If a few of these start trending on twitter/instagram/whatever, there will definitely be hundreds of people doing this.

It's already hard to enjoy a trip to many places without a "bbwweeeeeeeEEEEEEEEEEEEEEEEEEEEEEEEEE" reverberating overhead.


These are in a lot of places where you must get permission/ permits for any kind of commercial drone photography, and at night too, so this will probably not big as a big a nuisance as just normal people tooling around with drones wherever they live.


This is nothing new. There are various areas of professional photography that have long used long exposures to selectively add light. Sometimes called "flashlight painting", the photographer can use a literal flashlight to fill in shadow areas selectively during a long exposure. This can produce images that are not physically possible using static light sources. The use of a drone over landscapes is a simple extension of this longstanding studio technique.

https://www.photigy.com/school/how-to-use-light-painting-in-...


> The idea was born from a mistake. One night near Death Valley, California, Wu set a camera to make a time-lapse series in the dark. A pickup truck drove by and washed out the scene with its harsh headlights.

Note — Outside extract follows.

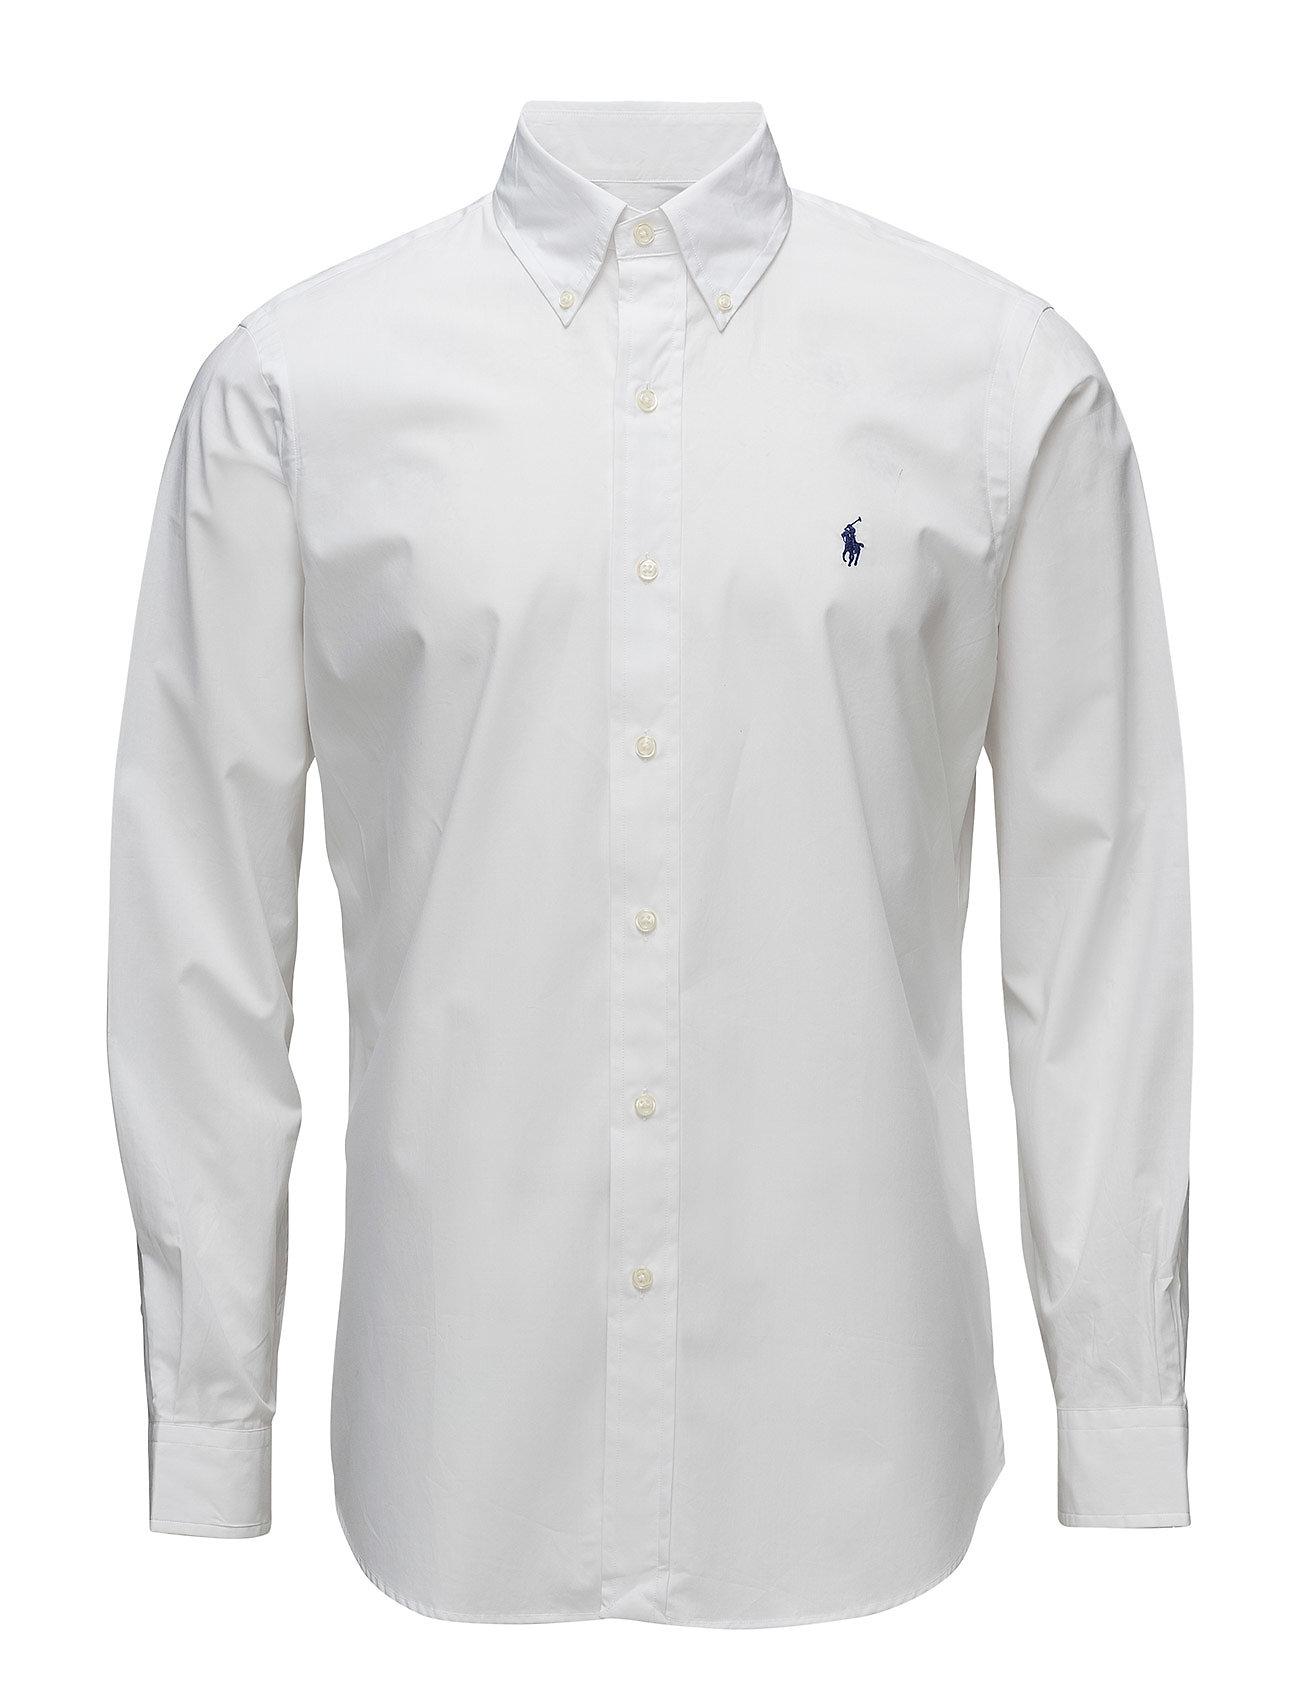 Polo Ralph Lauren BD PPC SPT-LONG SLEEVE-SPORT SHIRT - WHITE

> At first, says Wu, “I was really annoyed. But when I looked at the images, I was fascinated. Here was artificial lighting in a natural environment.”

The quote above indicates that Wu stumbled upon the technique by accident but, sandworm101 is correct, this technique has been known and widely used for decades. I know the technique as "painting with light" and a Google image search should convince any skeptics. Add "stars" to the search and you will see that the technique is often combined with star trails.

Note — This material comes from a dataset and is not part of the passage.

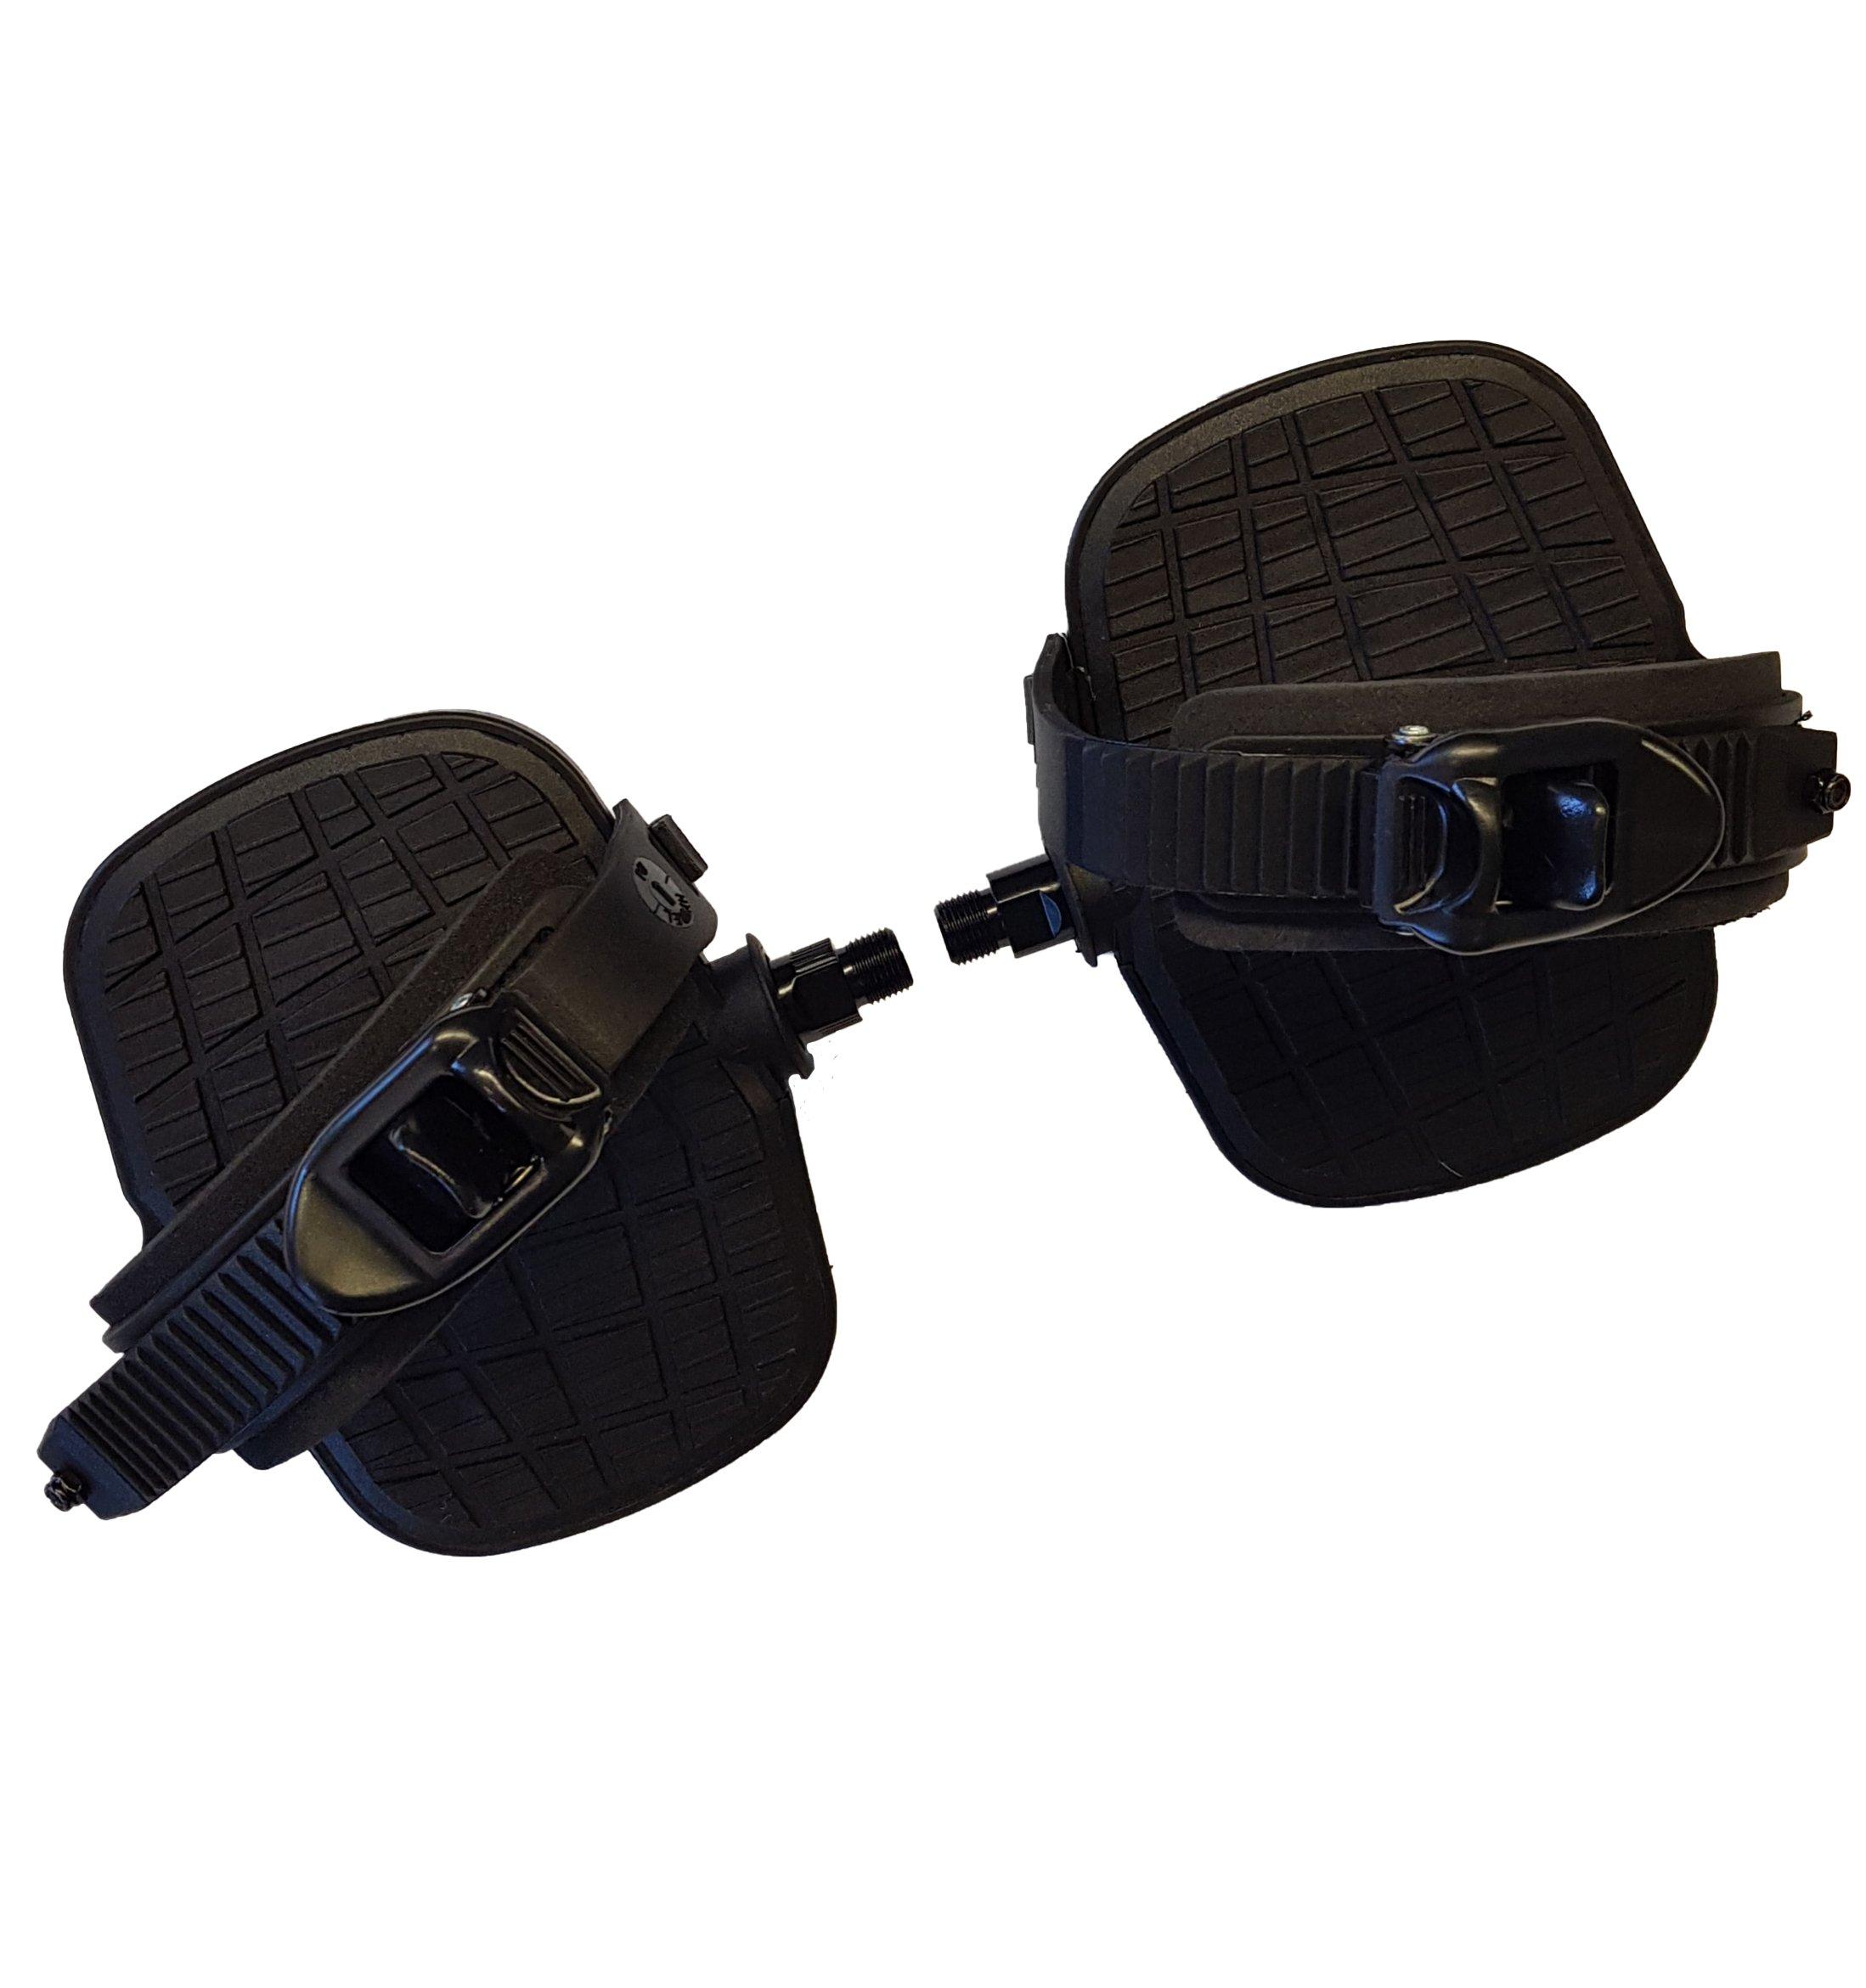 250G Liegefahrrad Pedal Paar (Grau)

Using drones is a nice enhancement. The criticism about originality doesn't make Wu's images any less spectacular.

EDIT: The Luminous-Landscape article Introduction to Landscape Astrophotography [1] includes a section on "Light Painting".

[1] https://luminous-landscape.com/introduction-to-landscape-ast...


Maybe Wu didn’t know about light painting before this happened. A lot of people rediscover things. I found out by accident that you can see the Milky Way in all its glory when you do long exposures.

But yes, this is an old technique. I guess the big difference is that drones can write shapes into the air and also reach locations and angles you can’t reach with traditional light painting.


I'd be showed if this were not rediscovered time and time again. Photography is all about painting with light.


>This is nothing new.

I feel like this comment has some good content and could hold its own without this statement. It just feels a little antagonistic. Everything has been done before, we're all on the shoulders of giants.


I appreciate a quick summary of a longer comment. Being aware of the context I can more easily skim without missing anything.


This is no different from the "first" comments in youtube or when sharing a meme to a friend that has already seen it and says "I've seen that already" instead of discussing essence of the content itself.